In prison, they “slept like sardines, cramped in a tight space,” Huang Chiu-shuang said.

“In 1949, everyone thought they could welcome the ‘homeland’ with great enthusiasm,” she said. “Little did they know Taiwan would later experience inflation, food shortages and economic downfall.”

“The so-called ‘restoration’ was a disaster,” she added.

Tsai, 89, said he was taken away by military police “for having participated in a book club” on his way to work one day.

He was later “caught up in the Taipei telecommunications bureau case for no reason” and sentenced to 10 years in prison, he said.

He began serving his sentence in 1950, he said, adding that when he was first jailed he was beaten and subjected to electric shocks.

He is thankful to have survived and to be able to share the past with younger generations, he added.

Young people seldom seek out this part of history, which is why she wrote the book for adolescents, Chou said.

Two chapters in the book — “Imagine You Are a White Terror Victim” (想像你是白色恐怖受難者) and “Daily Life Under Martial Law: There is a Small Garrison Command in Everyone’s Heart” (戒嚴下的日常:人人心中有個小警總) — aim to connect the White Terror Era to everyday life, she said.

She hopes the stories of Huang Chiu-shuang, Tsai, Chang Chang-mei (張常美) and Chang Chin-hsing (張金杏) will resonate with young audiences, as they were all captured and sent to jail as teens, she said.

In related news, the Ill-gotten Party Assets Settlement Committee has partnered with Academia Historica to bring an exhibition of documents titled “Shared Economy: Ill-gotten Assets in Taiwan” (被共享的經濟:不當黨產在台灣) to Nantou County.

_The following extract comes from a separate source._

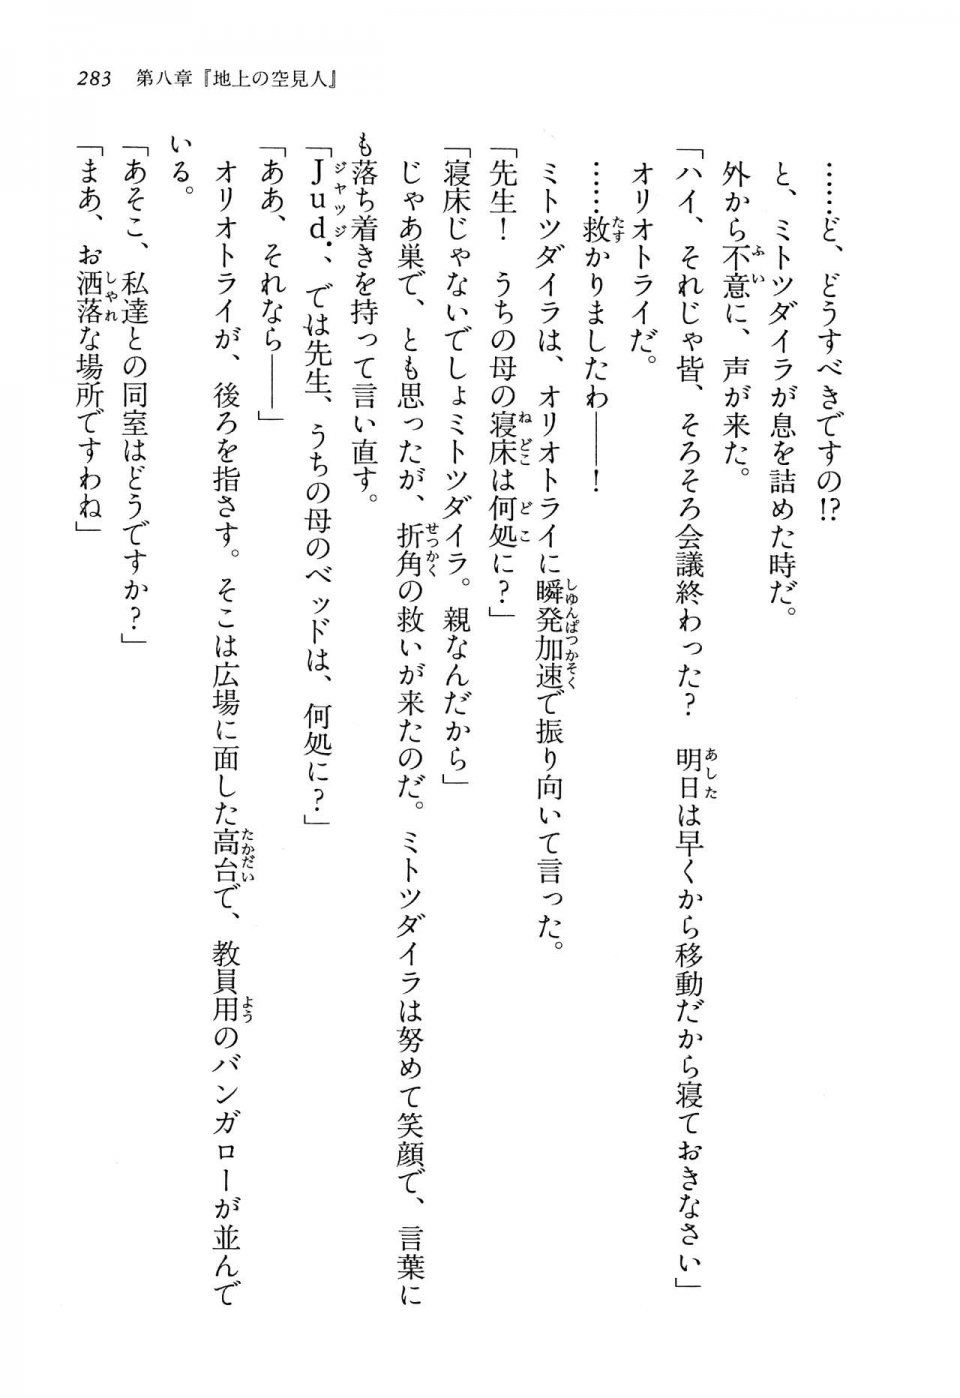 Kyoukai Senjou no Horizon LN Vol 13(6A) - Photo #283

The exhibition is being hosted at Taiwan Historica’s Wenwu House, in Jhongsing New Village (中興新村), until March 31, the committee said.

The exhibition was well-received by young audiences during its two-day run at the SPOT-Taipei Film House in August, so the committee arranged for it to travel to Nantou, a committee member said.

The Nantou edition of the exhibition includes more historical documents than the previous one, they added.